Overall, these studies highlight the ability of memory T cells to rewire in response to reduced calorie availability to not only persist, but to thrive. This raises questions regarding the optimal host state for promoting highly functional immune responses. Relatively low levels of food availability compared to the standards of today was likely the case for the vast majority of human evolution. Therefore, it may be that low food intake, with sufficient nutrition, is the ideal state for promoting not only longevity and general health profiles [25,27,29], but also optimal memory T cell function. However, much remains to be uncovered if CR itself, or the mechanisms by which CR enhances T cell function, are to be harnessed therapeutically in the design of novel vaccination strategies and cancer immunotherapies.
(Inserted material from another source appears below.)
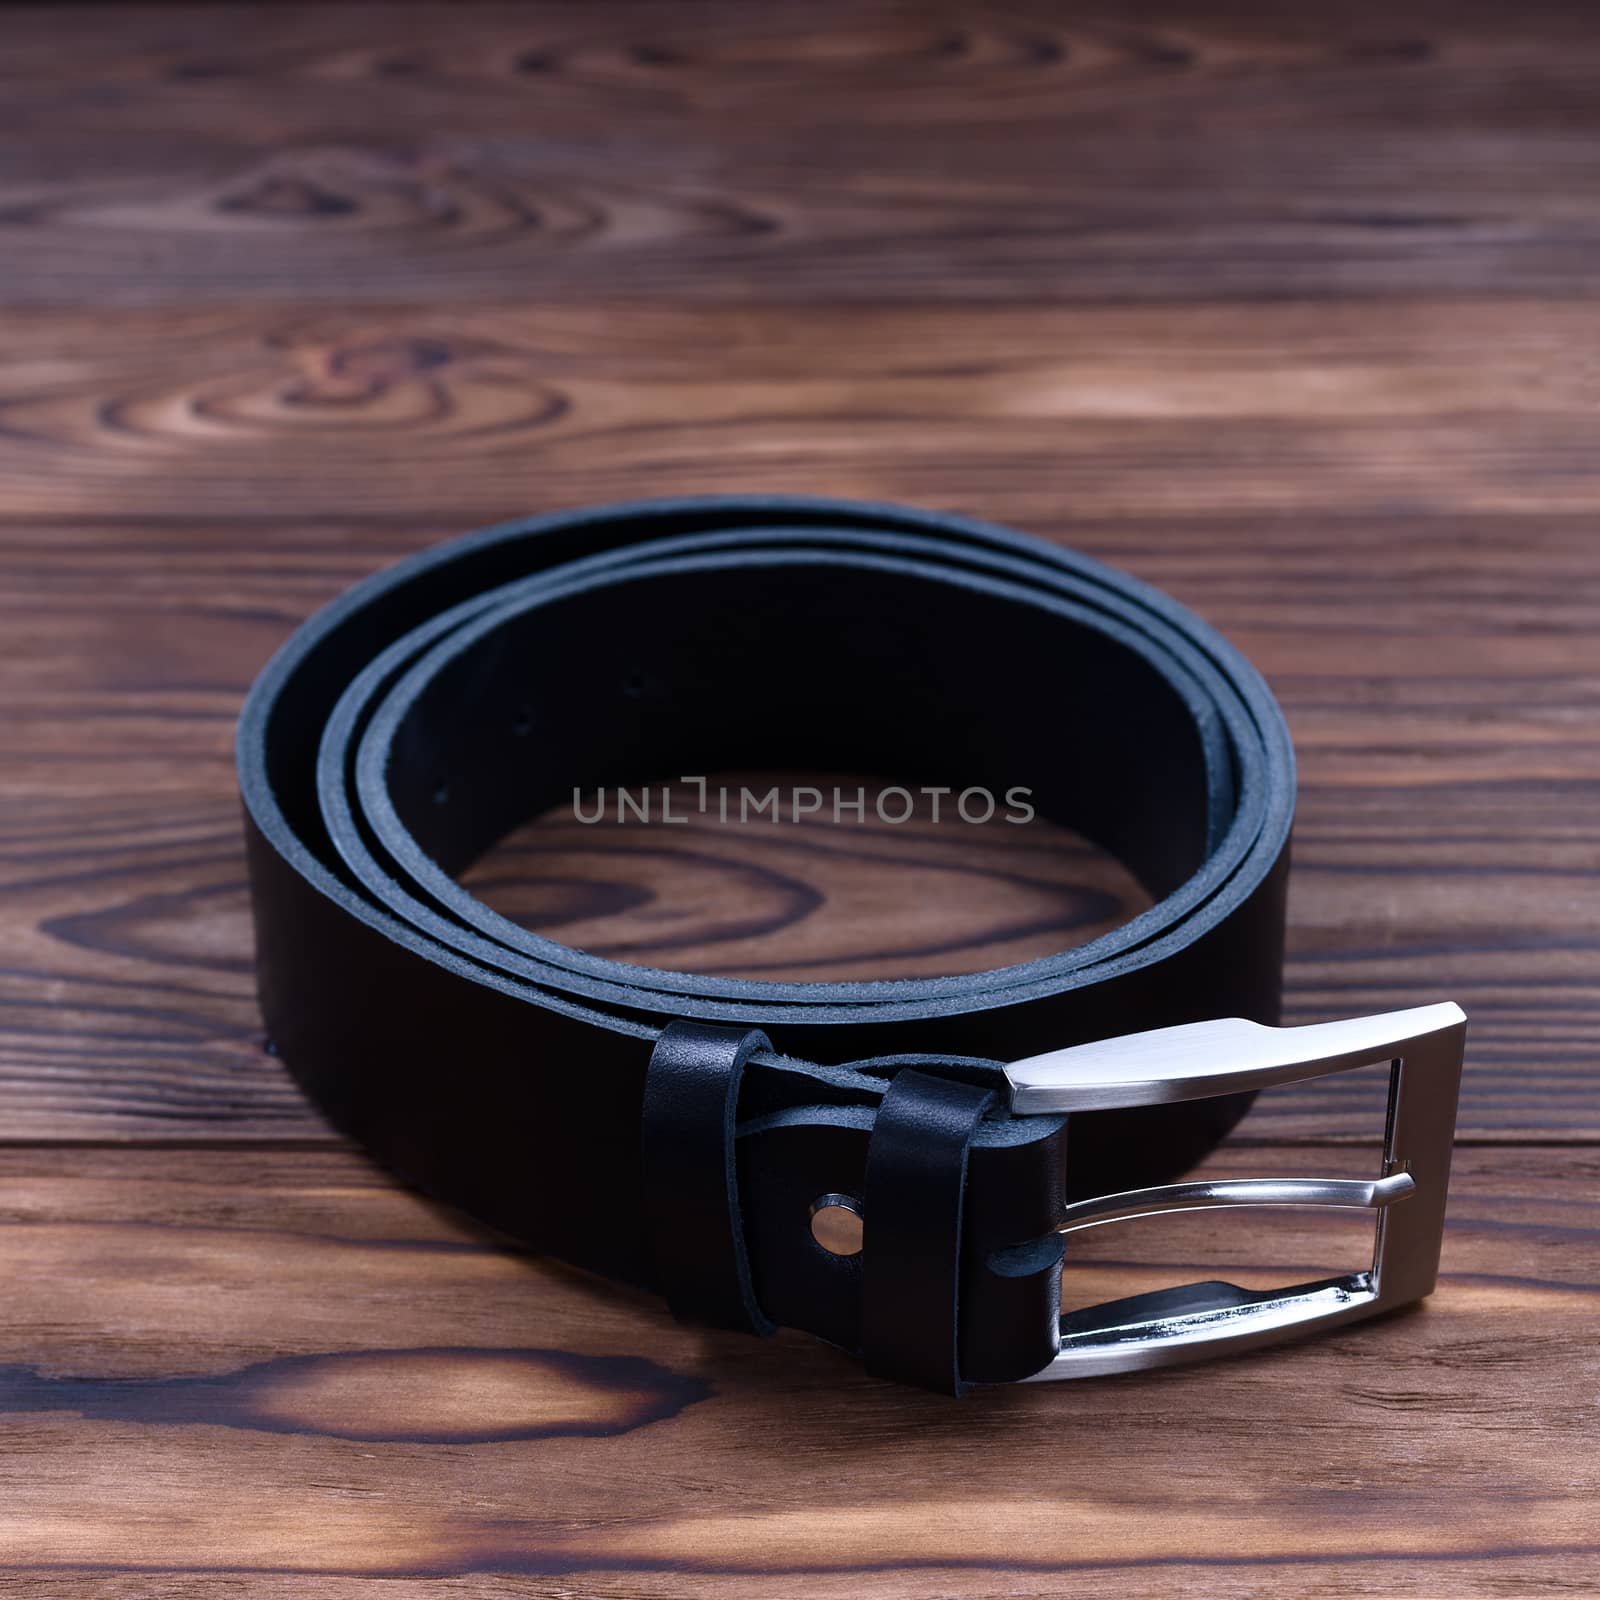 Black color handmade belt lies on textured wooden background. The belt is twisted into a ring. Closeup side view. Stock photo of businessman accessories.
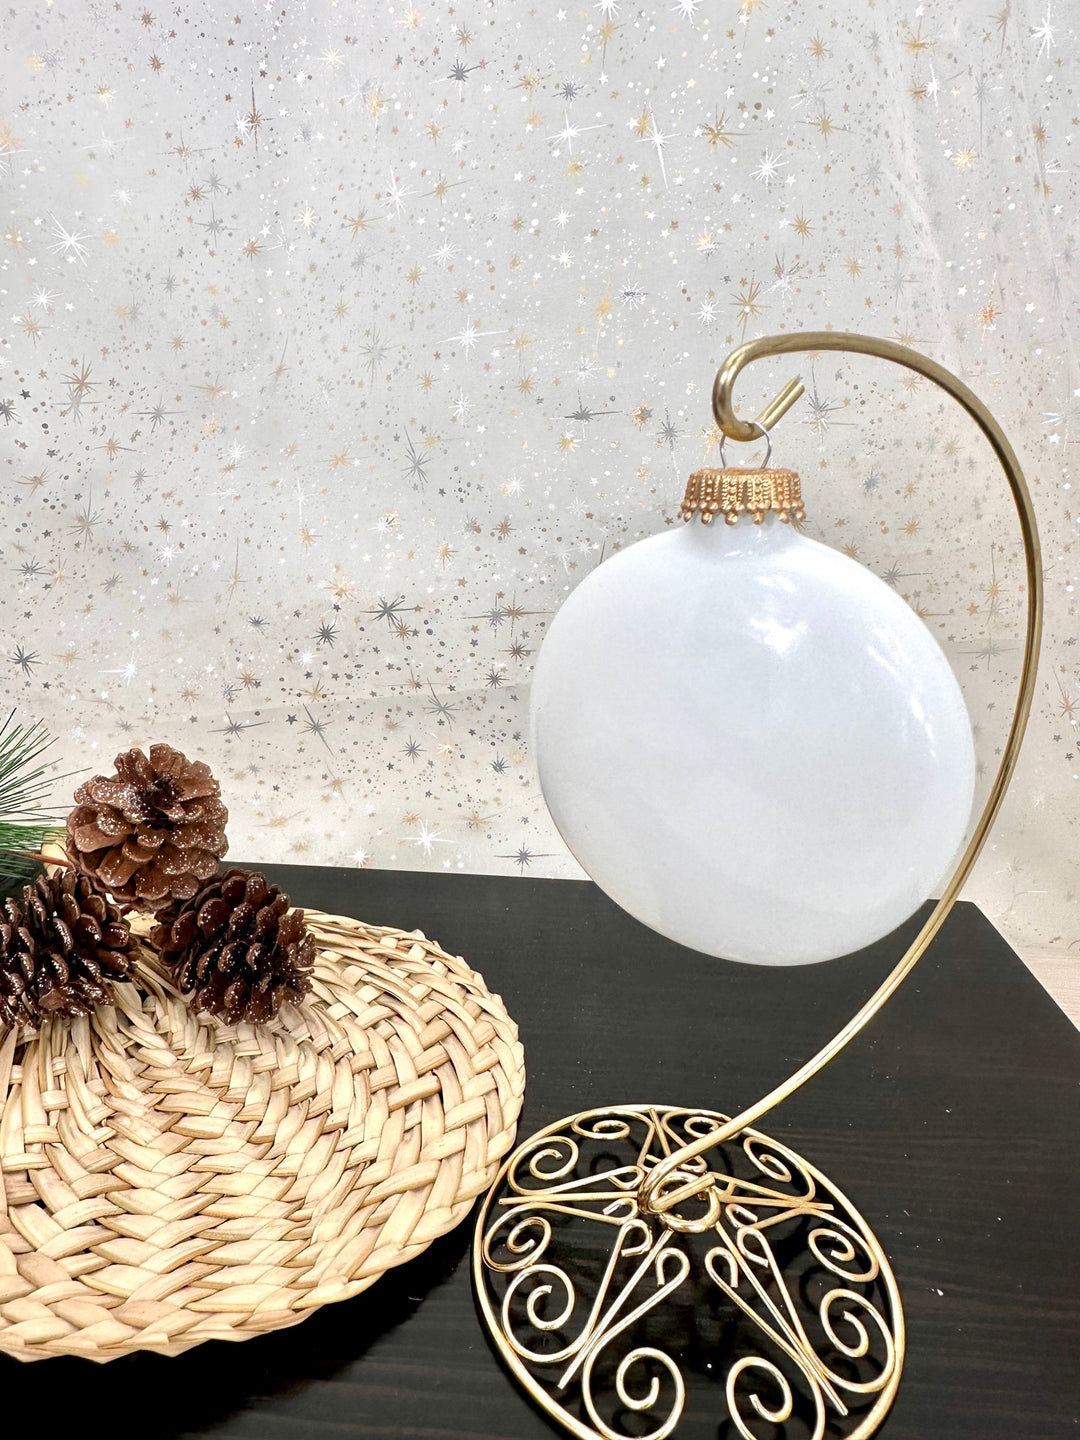 Christmas By Krebs 3 (76mm) Craft Glass Ornament [6 Pieces], Designer  Heirloom (Porcelain White with Gold Crown Caps)

For example, the metabolic pathways engaged and fuel sources utilized by memory T cells during CR remain unclear, with recent advances in characterizing T cell metabolism in vivo likely to aid in addressing this open question [53]. The minimum duration and degree of CR required to promote beneficial effects on the memory T cell compartment has not been systematically evaluated, nor has it been determined whether less acute forms of dietary intervention such as intermittent fasting [54] are similarly beneficial. It will also be of importance to determine the optimal age at which to initiate CR, as it has been shown that benefits on the T cell compartment only manifest if CR is implemented when the host is relatively young, with T cells from elderly hosts unaffected by CR [55].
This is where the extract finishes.